The other realisation I had was that maybe I’m not as emotionally resilient as I thought. Oh, I hold it together all right. I’m a hell of a lot better at being an adult than I am at anything else. I have my grownup shit together and I can maintain it pretty easily. But when things are turning to custard, if you crack my surface, you are tapping into an endless pit of tears and despair. It’s hard to judge, of course, but I feel a well-adjusted person would probably be a fair bit more … stable.
It’s a pattern that’s repeated itself over the years. Thinking back to other hard times, I was similarly able to cope day-to-day by withdrawing into myself, but when things really got to be too much, I crumbled like sandcastles. Today, those months are a blur – really, there’s nothing to redeem them, and so I prefer not to revisit those times. There’s no point. I survived, and moved on.
We tend to view the past with rose-tinted glasses. Who wants to look back on a long list of sad or horrifying memories? It’s a sanity mechanism, really; otherwise we’d probably never have more than one child by birth or go on to other relationships after a first heartbreak.

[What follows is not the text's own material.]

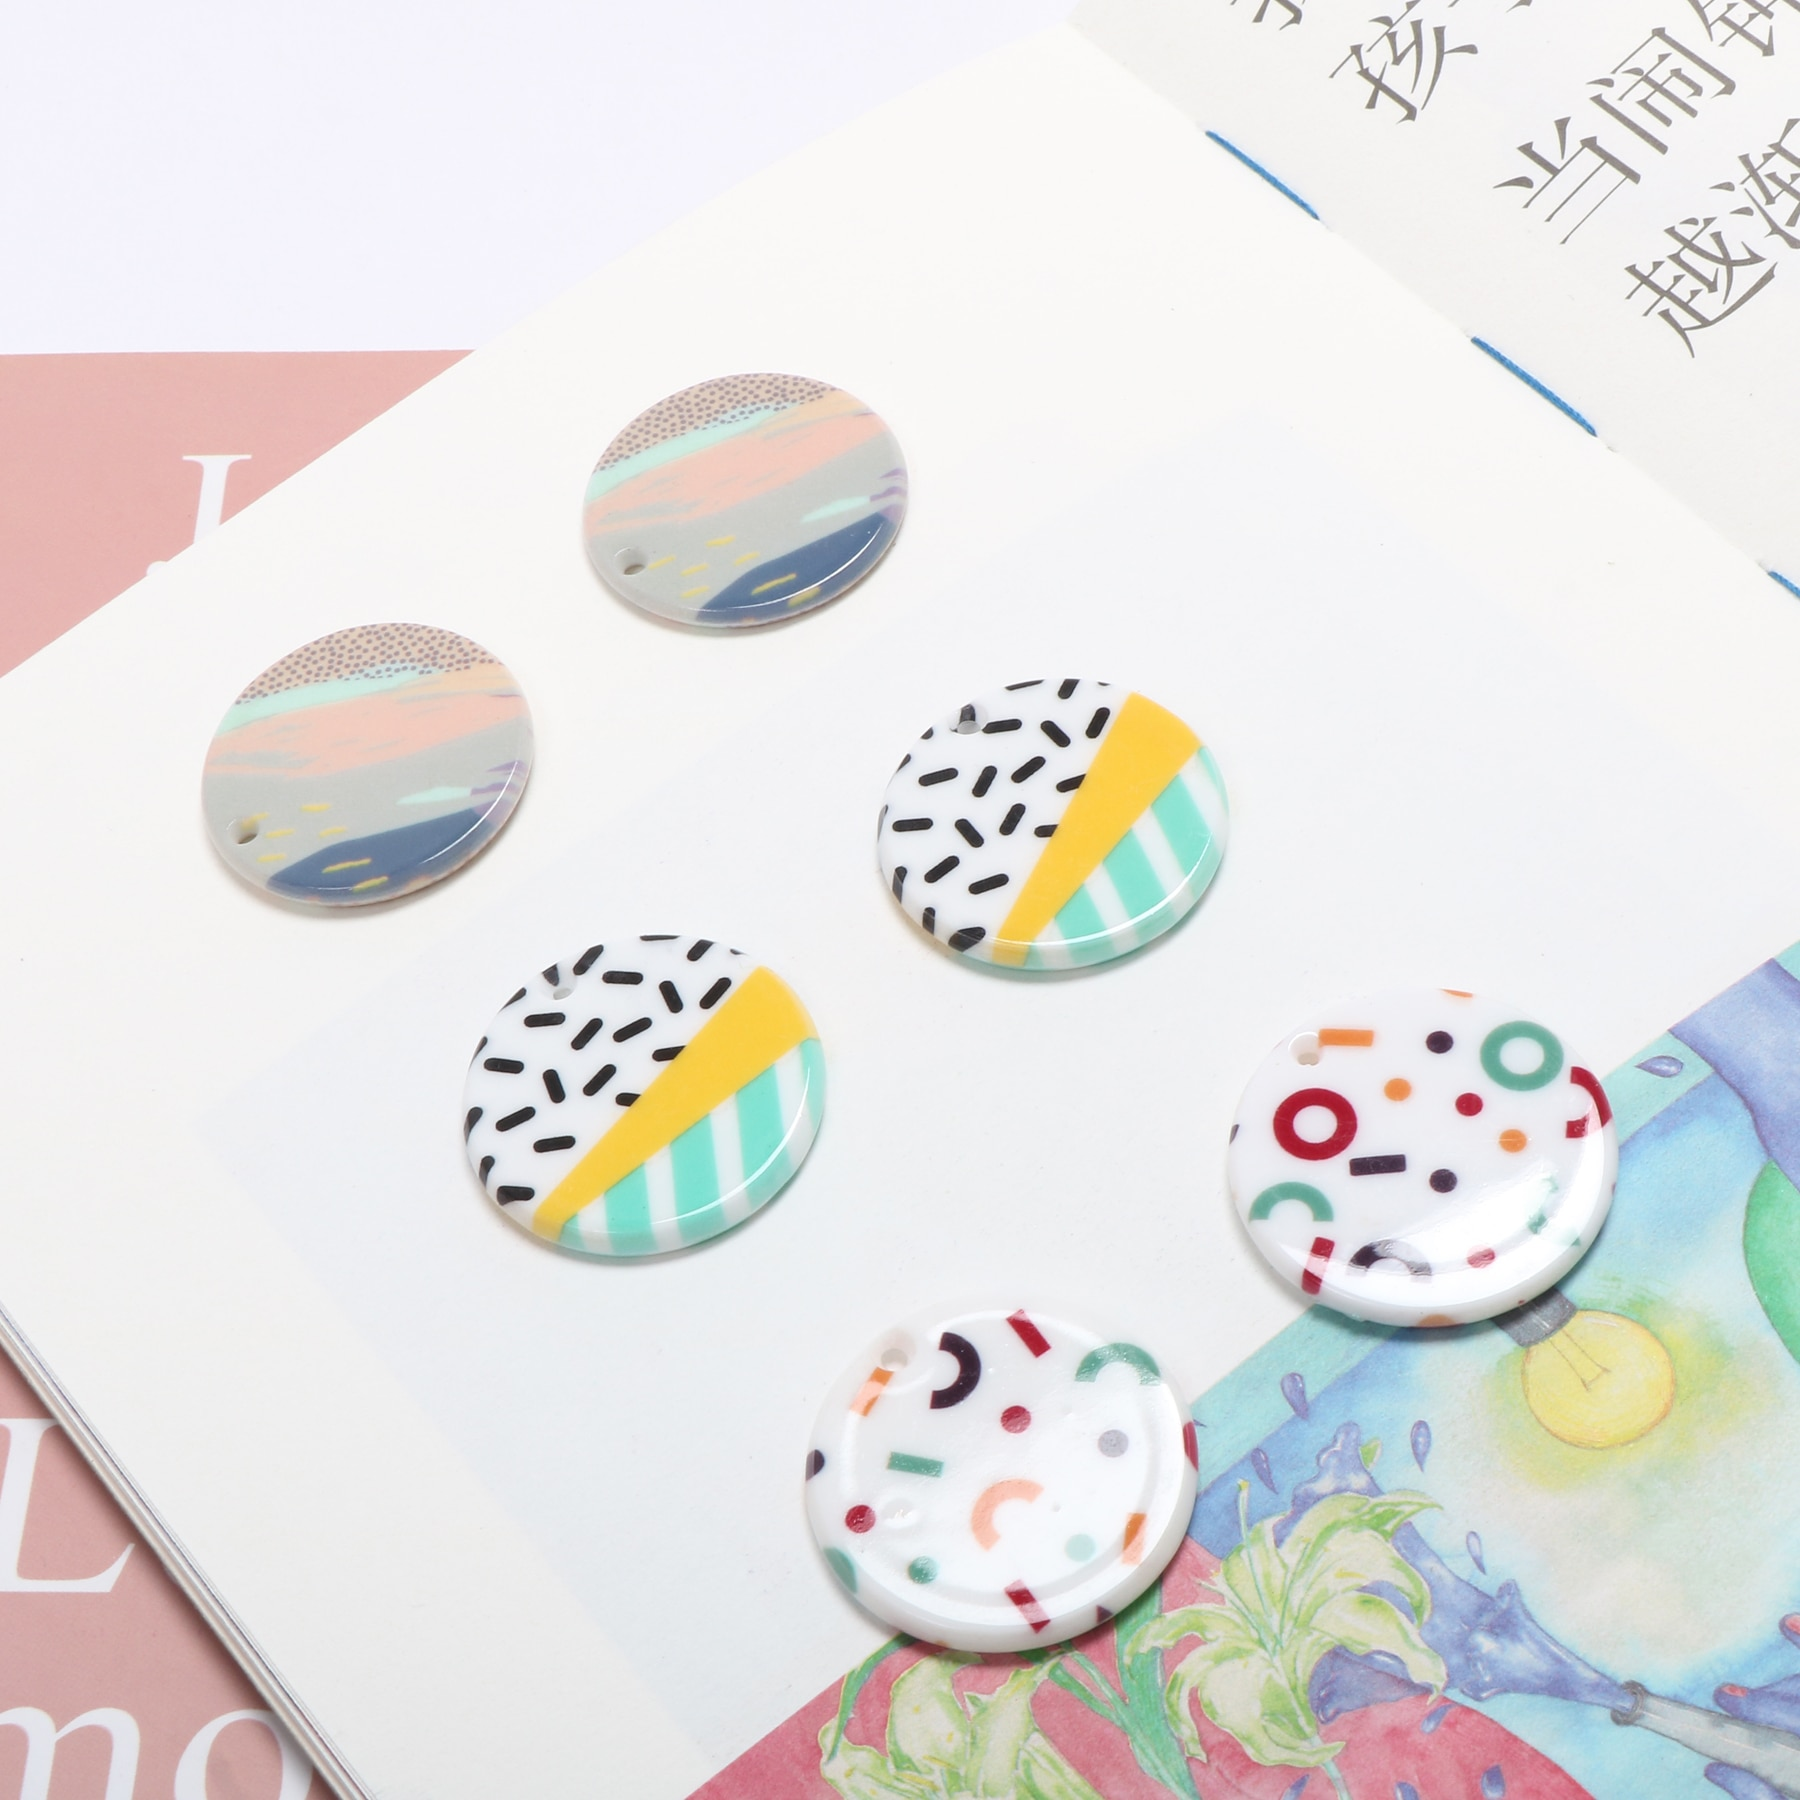 Ins geometric print hit yin child yakri round pendant earrings diy handmade jewelry accessory material

I don’t really think there is a way for me to not feel so acutely. It’s just how I’m wired. For this reason, I try not to dwell. It’s a tricky thing, giving yourself the space to acknowledge and just feel those big, heavy things – without letting them take over and succumbing to them. Generally they don’t tend to respect office hours – metaphorically speaking – so it’s about keeping them on a tight leash. Tucking them away into a little corner and ignoring them, for the most part. Occasionally it all bubbles to the top, and a proper meltdown is then required, but as a rule, fencing them off is what works for me. If I let them fly free all the time, I simply wouldn’t be able to function properly.
When it feels like you’ve hitched your wagon to a losing proposition and everything is coming up tails, there simply isn’t the time to roll over and be swallowed by the darkness.

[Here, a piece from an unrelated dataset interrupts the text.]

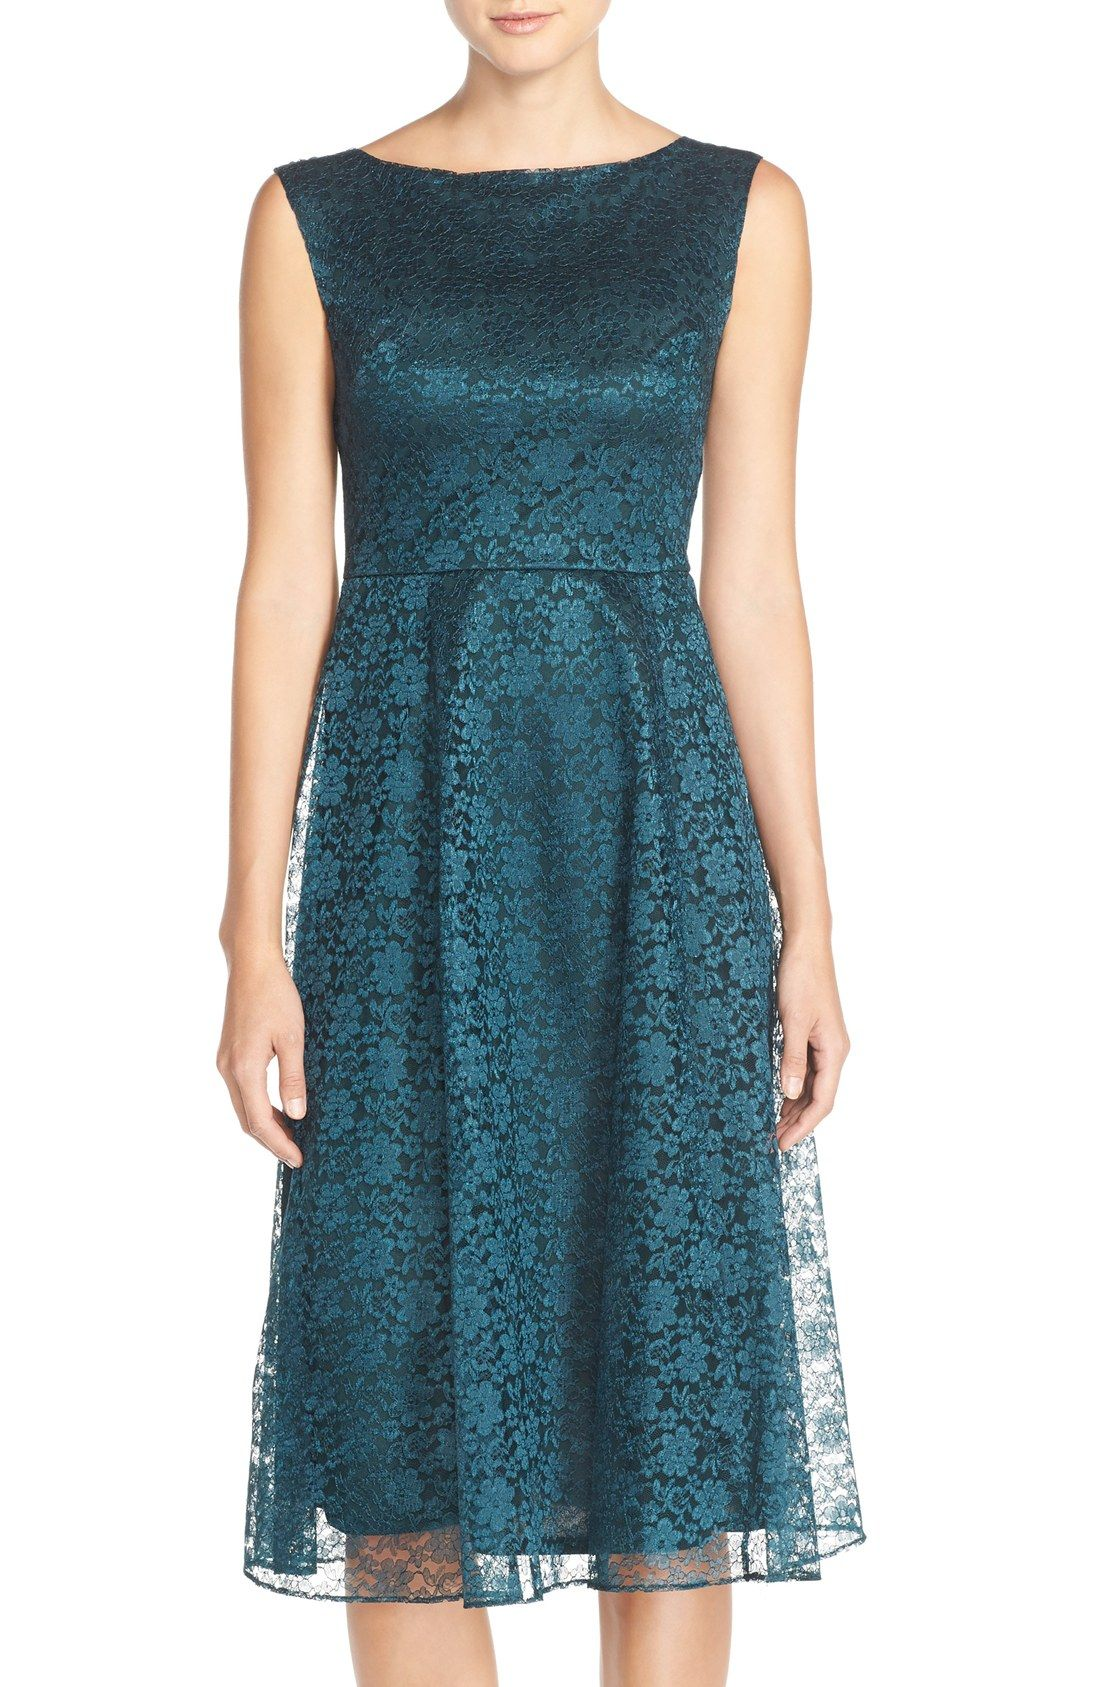 Betsey Johnson Lace Midi Fit & Flare Dress - \

Going through this in my 20s: hard enough. I simply can’t imagine dealing with this kind of thing at 11, 12, 13, like my friend must have. And my personal darkness is purely situational. The sources of my misery are beyond my control, but shouldn’t last forever. I know the same is not true for everyone else.
The one thing I do know is hurting yourself is not the best way to deal. When the chips are down, I write. Maybe for you, it’s talking to someone. Whatever your outlet is, find it.